Комендант побежал за поездом, что-то крича. Ветер уносил его крики. Выходной семафор медленно поднимался кверху.

— Путь свободен, — толкнул Красноперов своего помощника, указывая на семафор. — Поднимай пар.

Четыреста пятьдесят верст от Вятки до Перми. Недалек путь, Гуще лес. Реже поля и деревни. Ребров смотрит в окно. В глаза ему бьет ветер. Стелется дым к телеграфной проволоке, клочками застревает на верхушках елок. Горько-сладким дымком ударило в нос.

— Что это? — спохватился вдруг Ребров, — пахнет горелым.

— Запрягаев! — крикнул он в купе.

Запрягаев выскочил в нижней рубашке с всклокоченными волосами. Он только что спал.

— Горит, — подтвердил он, высунувшись в окно.
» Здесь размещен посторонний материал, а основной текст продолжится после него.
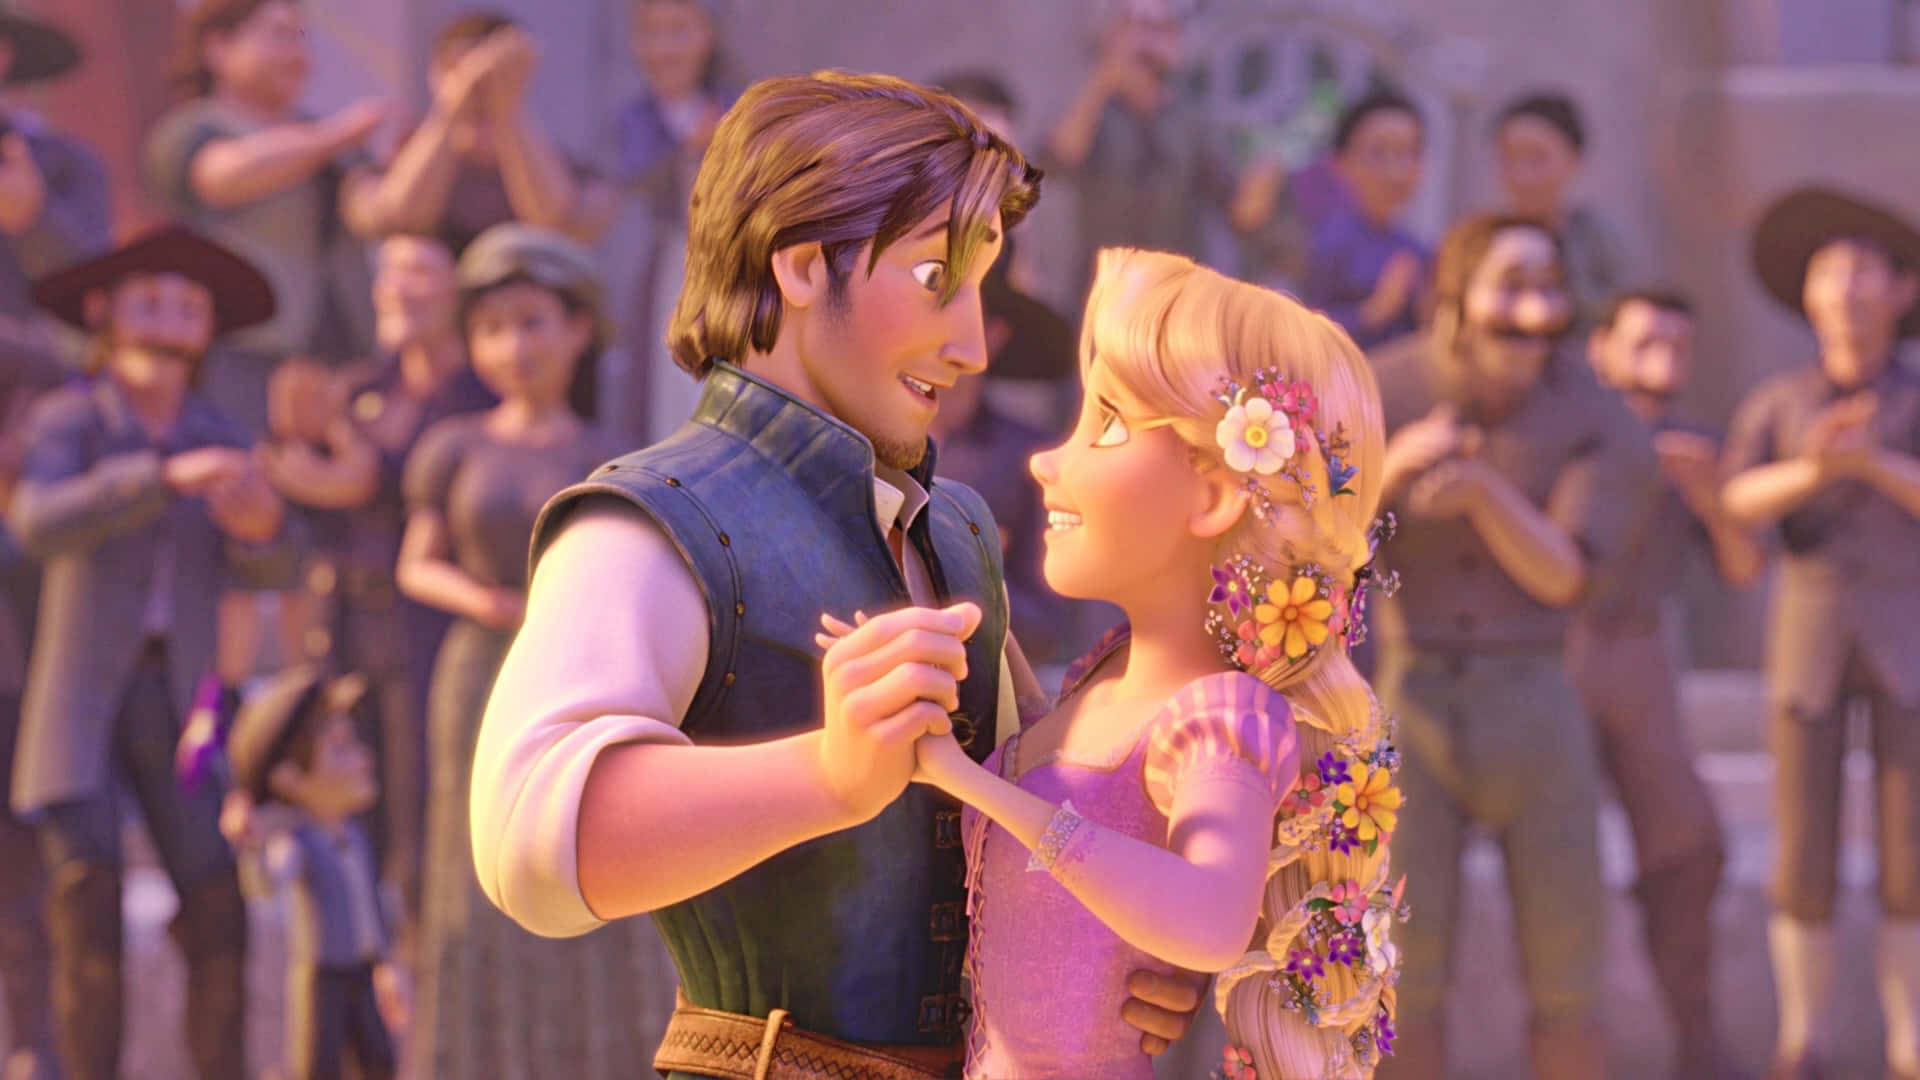 Rapunzelomfamnar Sin Frihet I Den Nya Filmen Tangled.

Сильней и сильней запах. Вот уже вдалеке молочный туман. Он стелется и скрывает подножье деревьев, потом сгущается и поднимается выше, наконец, деревья исчезают в светлом, водянистом дыму.

— Лесной пожар, — шепчут дружинники.

— Кто поджег?

— Целы ли деревянные мосты?

— В Вятке не задержали… Не нарочно ли?

Несколько часов ведет в дыму локомотив Красноперов. Еще гуще становится дым. Он поднимается прямо с земли, и похоже, что горит не лес, а земля. Уже кашляют от дыма дружинники. Трут глаза. Из окон не видно последнего вагона. Молочно-клубящаяся пелена застилает все.

Воздвиженский на паровозе у Красноперова.

— За мосты не боишься? — спрашивает он его.

— Чё им сдиется? — отвечает за Красноперова его помощник.

— На полотне трава не растет, — говорит Красноперов, — огню не по чему до мостов добраться.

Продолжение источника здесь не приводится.